Şimdi arkadaşlar, bu KHK ihraçları olalı 5-6 gün oldu. Ben kurumlardan, korolar, orkestralar ve operalardan bir açıklama bir dayanışma duruşu görmedim.

Siz gördünüz mü? Neredeler? Devlet sanatçılarından bir açıklama bir dayanışma görmedim.

Yani İbrahim’in Yazıcı'nın orkestra şefi meslektaşlarından bir kamuoyu açıklaması, bir dayanışma göremedim. Müzik camiasında

Facebook da tek tük bir kaç kişi "üzüntü" belirtiyor bu konuyla ilgili. Cılız bir savunma şekli, bir şey yapılamıyor.

Ve bir de; geçen yıl hatırlarsanız

Devlet korosu Fazıl Say'ı kınamıştı. Kınama metnini 4000 basın organına yollamıştı. Programdan kaldırılan bir Nazım Oratoryosu konseri ile ilgili bir tartışmaydı. Ardından onlar beni kınadılar!!! Yani kınayabiliyorlar! O durumda beni bile kınayan Devlet Korosu kendilerinin 12 yıl şefliğini yapmış koskoca İbrahim Yazıcı için bir dayanışma metni yayınlayamadı.

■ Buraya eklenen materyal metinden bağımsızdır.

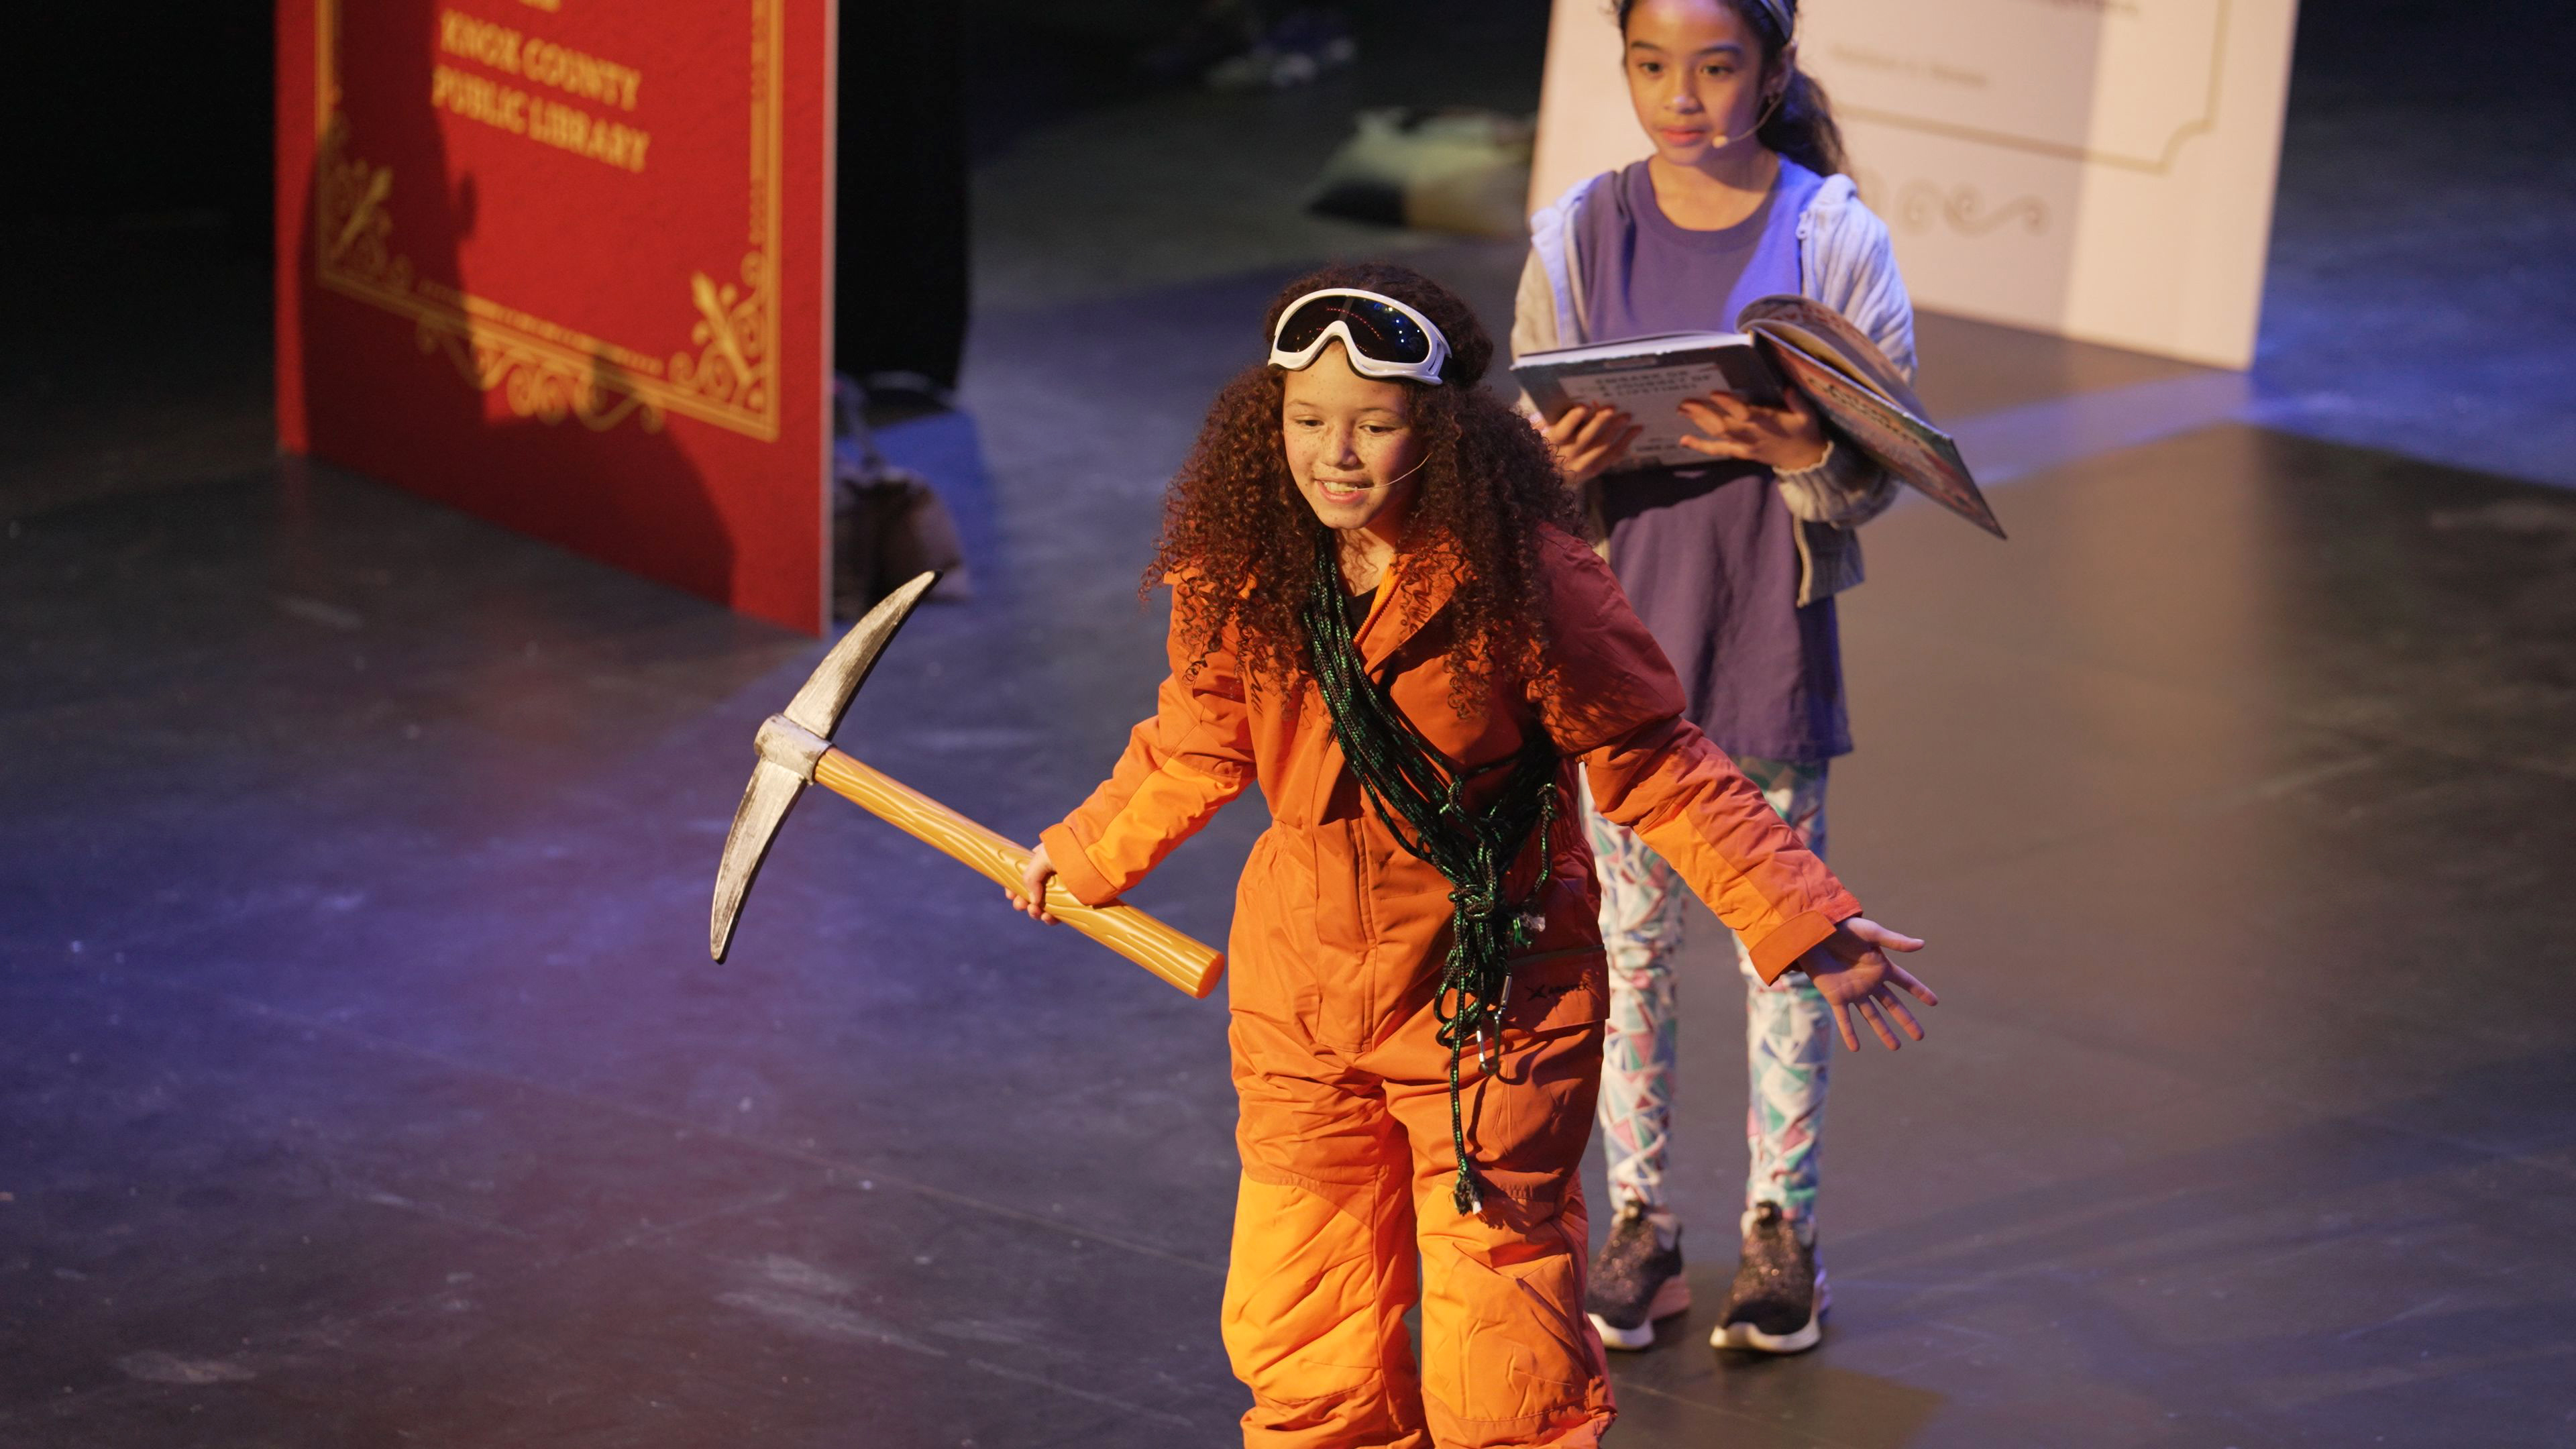 young girl dressed as mountain climber in orange snowsuit and pickaxe

Orkestralar sustu. Şefler, Aykallar hiç kimse bir açıklama dahi yapmadı.

İbrahim’in genel sanat yönetmeni olduğu İzmir Operası 200-300 kişlik bir kurumdur. İbrahimin artık bitirilen maaşını herbiri her ay 15-20 tl cebinden verir ve konu yine hallolur. Keza; Filiz için Bursa orkestrası.

Bir yolu olur.

Bu yanlışlık düzelene kadar. Provalara "misafir sanatçı" statüsünde katılır o olur bu olur. Yani arkadaş; gerçekten sahip çıkmak istiyorsan çıkarsın. Her türlü olur.

Ben burada kamuoyunun gözünde asıl bu kurumların bir turnusoldan geçtiğini düşünüyorum. Bu kurumlara alınmış çok fazla sayıda kişinin sanat için değil sadece maaş için orada olduğunun turnusolu belki de.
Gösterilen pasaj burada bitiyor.